Triptyk Big form in watercolour 105x76 cm
About

The Flight of Gravity 


"My works are not longer depictions of specific places, but rather echoes of nature and movement captured within a grand form. 


With watercolor as my primary medium, I balance on the fine line between what I can control and the forces beyond my reach. It is a space where water and pigment alternately carve their own paths across the paper, and are alternately guided and given boundaries. 


In this meeting of paper, water, and pigment, a dialogue emerges between my own creative drive and the forces of nature. 


By working with large forms where the water can flow freely, I strive to capture nature’s inherent drama and stillness. 
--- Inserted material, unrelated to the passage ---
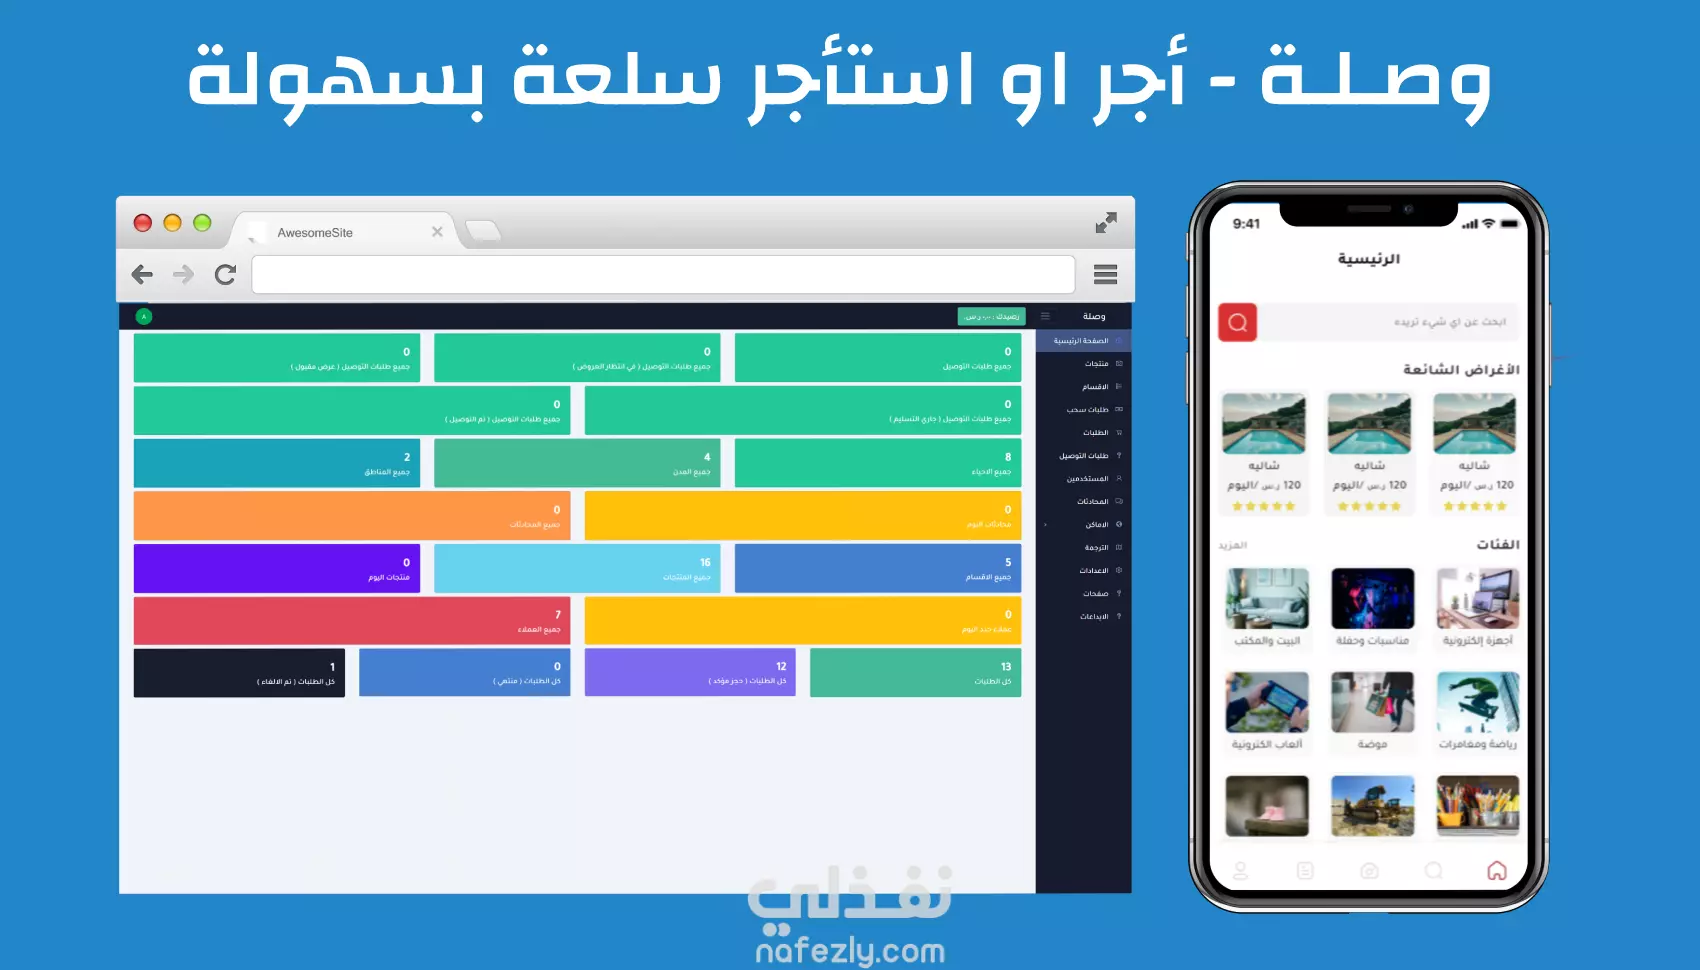 وصلة - أول تطبيق سعودي للتأجير و استئجار المنتجات و النقل

Within this stillness, the paradox between mass and void emerges. That which appears heavy is granted the ability to float freely—suspended formations, liberated from the laws of gravity and time."



Why I started to paint


I began painting watercolor and sketching early in life as a way of understanding the world.


Ten years old I went with my mother, who was an architect student, on a field trip to Italy. Her professor said sternly to the students:

- Shooting what you see with the camera is not enough. In order to understand your surroundings, their forms, and their volume, you have to sketch them. In that way, you will stop up, dwell on the forms and after a while, you will see and understand. Then you will remember. What you see in that way will be a part of you for the rest of your life.


This sank deep into my ten-year-old soul. After that trip, I have always had a sketchbook in my pocket.


For a long period, when I was working as a composer of music for theatre, I stopped painting. Now I am painting and sketching as much as I can.


Why I still paint

And the professor was right. Sketching is helping me to see and understand the world in many, many ways.